Group of lakes in Saskatchewan, Canada

Ness Lakes are a group of five interconnected lakes — the largest of which is Ness Lake — in the Canadian province of Saskatchewan. They are in the Rural Municipality of Big River No. 555 at the western end of the Waskesiu Hills in the boreal forest ecozone of Canada. The western boundary of Prince Albert National Park is directly to the east and the town of Big River is about 15 km to the south-west. Access to the lakes is from Nesslin Lake Road, which branches off of Highway 922.

Ness Lakes consist of Ness Lake at 99.96 ha in size and four smaller ones.
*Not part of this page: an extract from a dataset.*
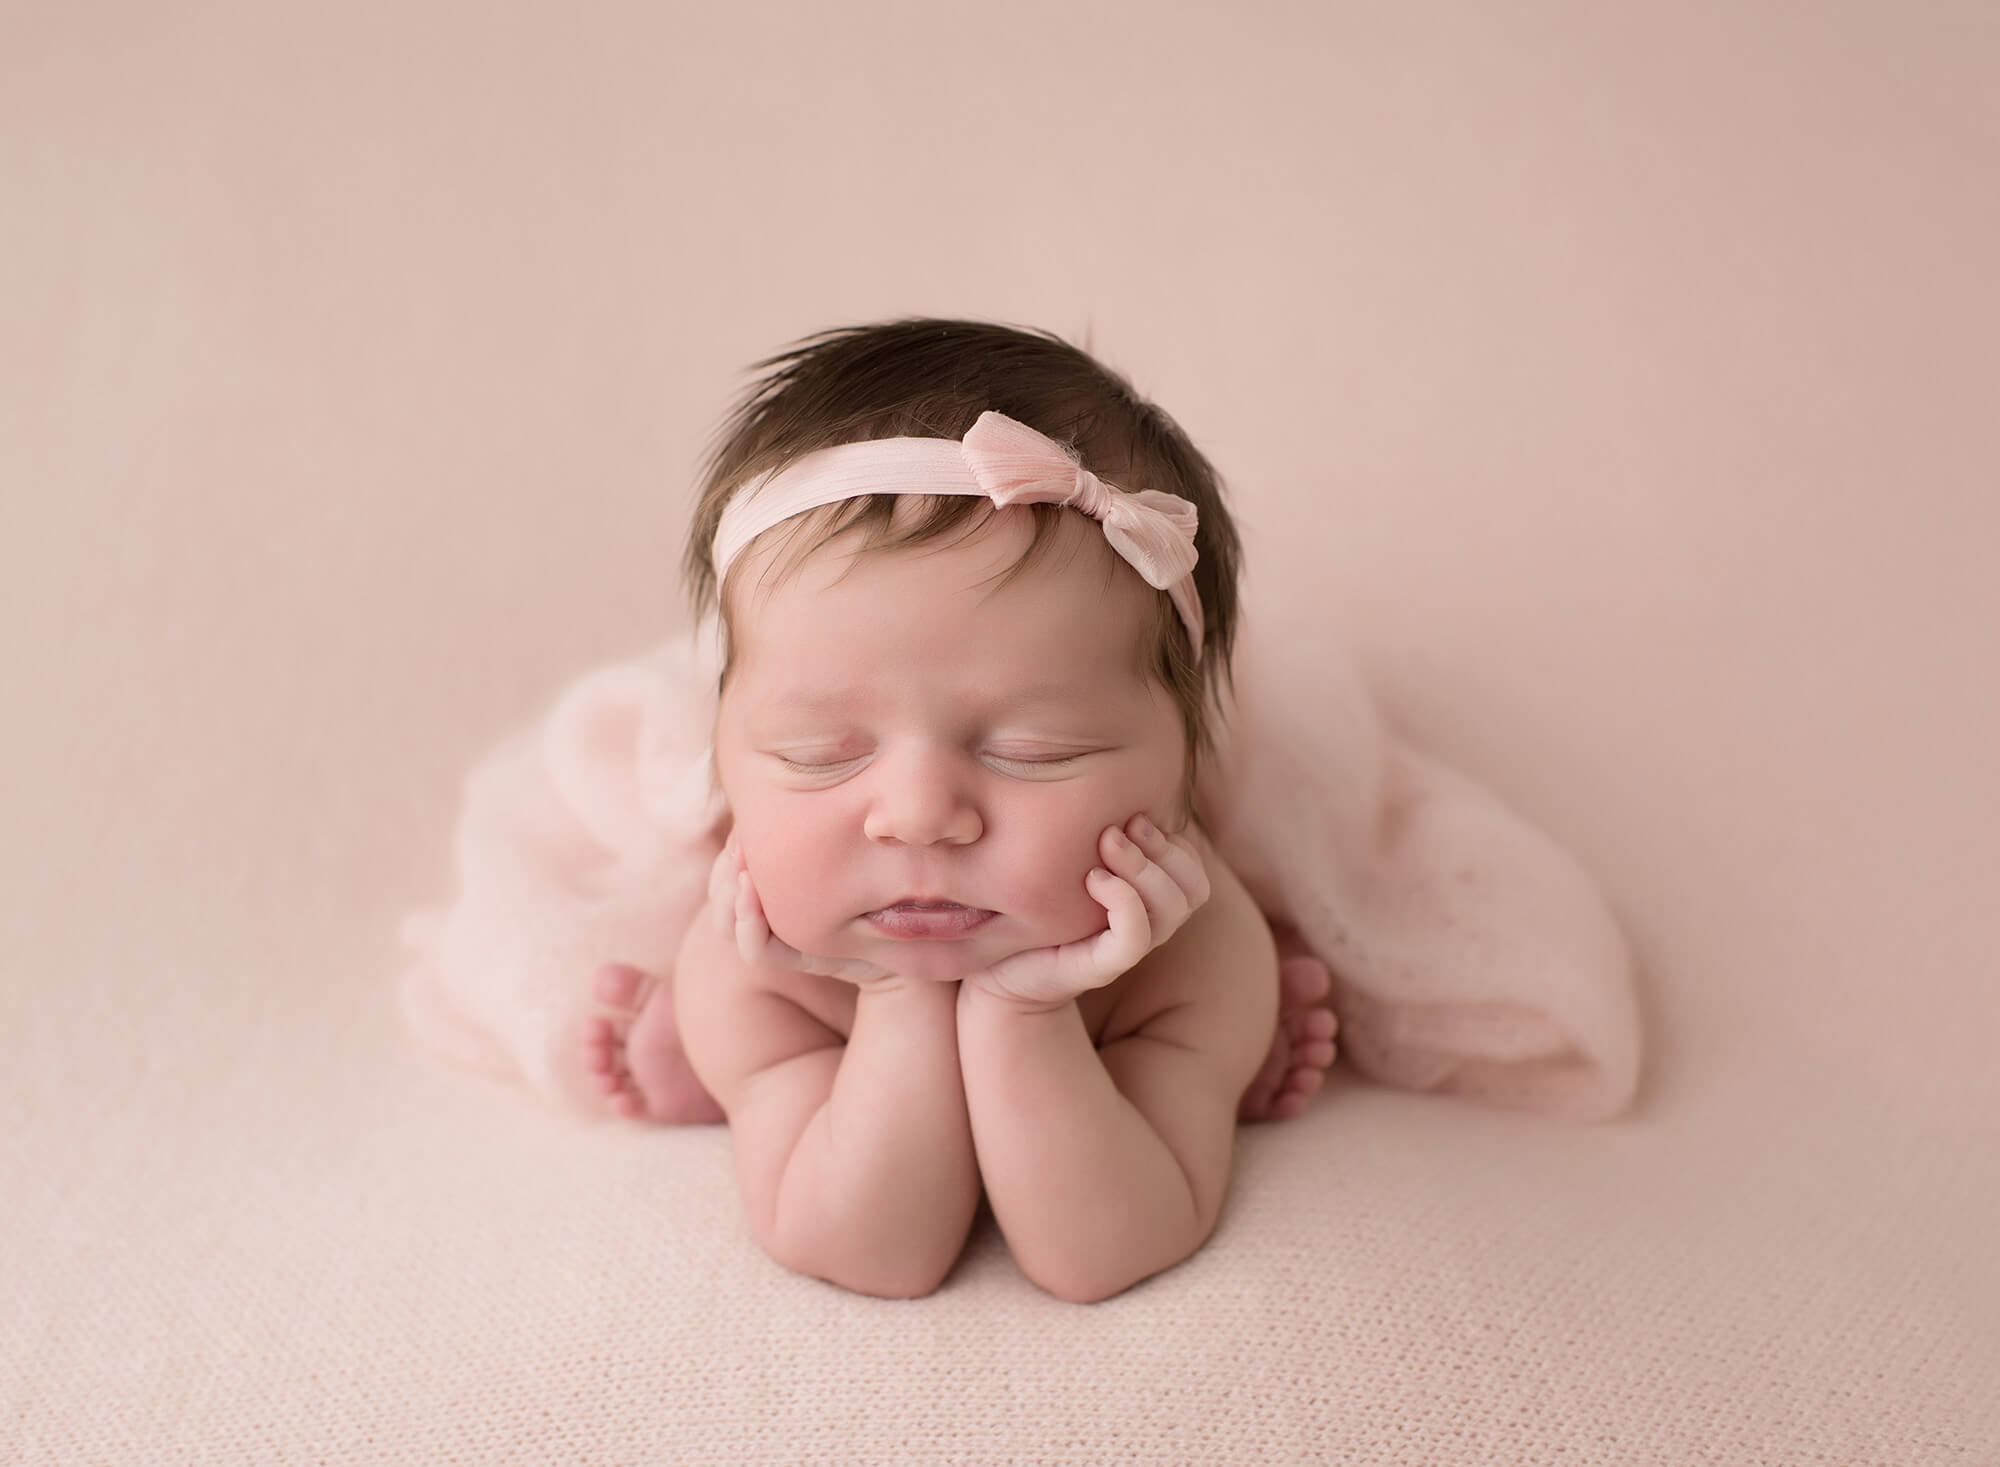 Newborn portrait in studio - Connecticut newborn photographer Melissa Hartigan
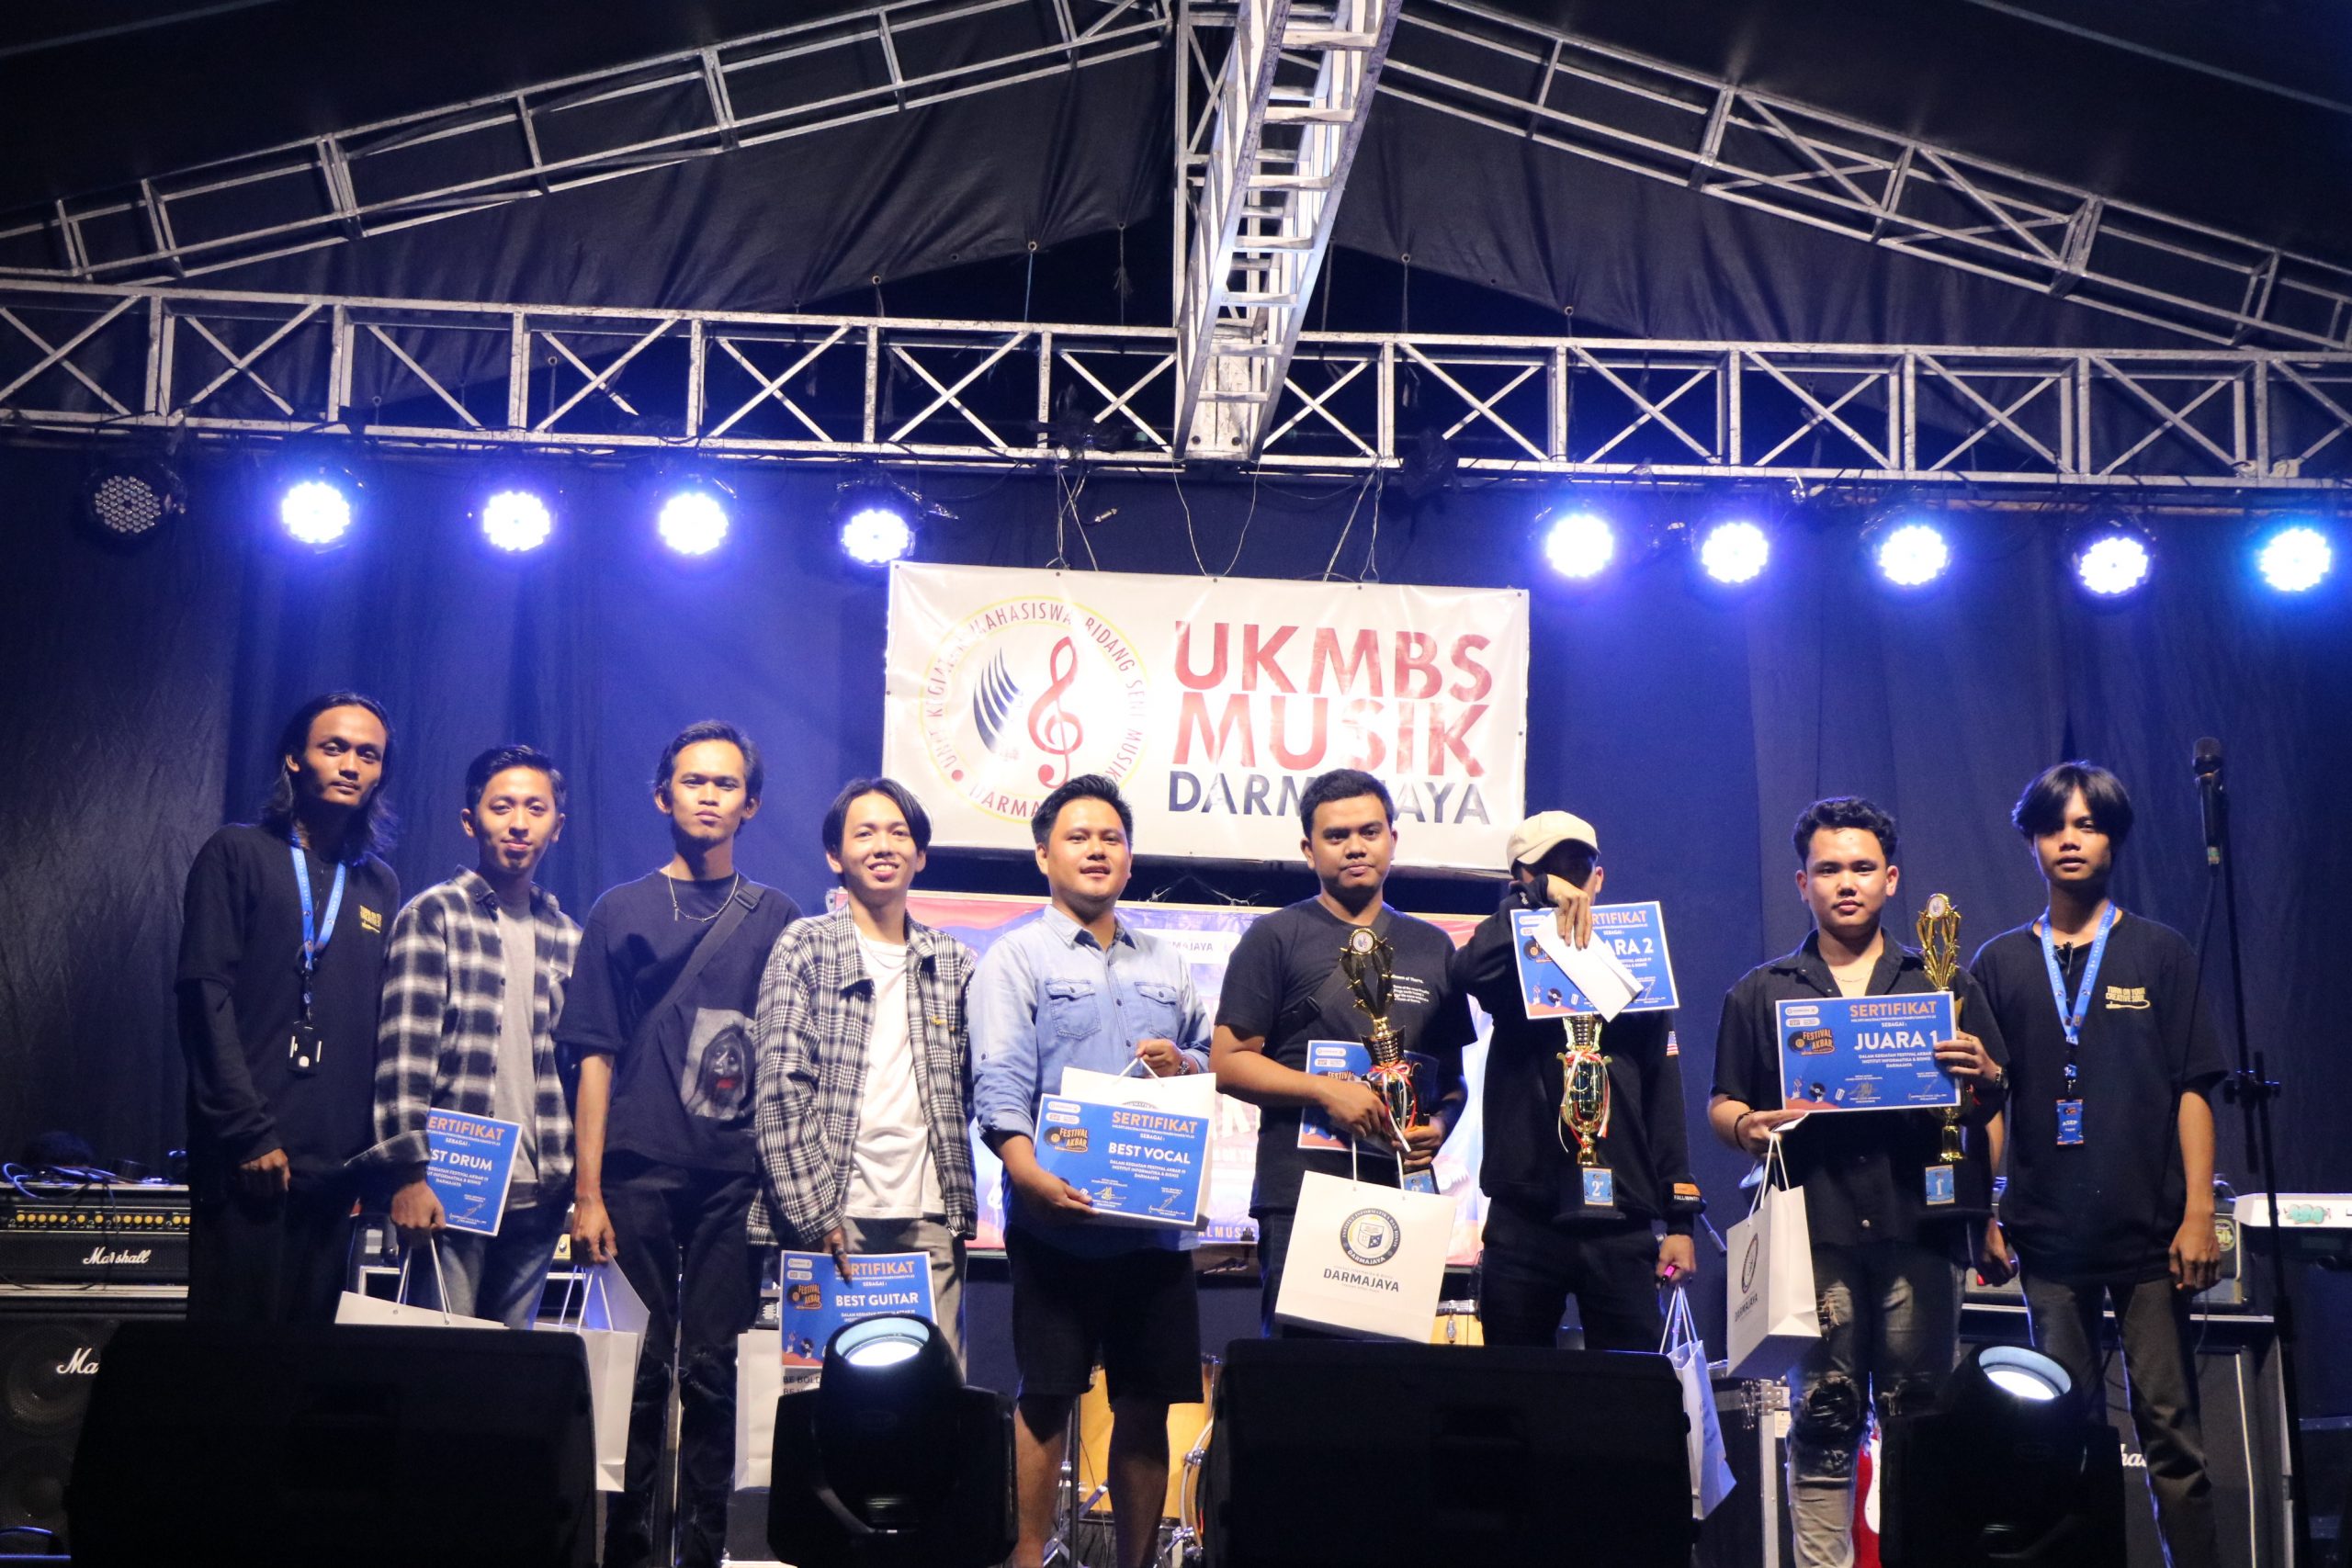 UKMBS Musik Gelar Festival Akbar 19, 14 Band Lokal Tampil di IIB Darmajaya

Numerous small creeks and rivers flow into the lakes from Prince Albert National Park and the surrounding hills and muskeg. The outflow for the lakes is Ness Creek, which flows west into Tie Creek. Tie Creek flows into Delaronde Lake which is connected to the Cowan River via Taggart Creek. There are no communities at the lakes. At the north-west corner of the largest lake is a provincial campground.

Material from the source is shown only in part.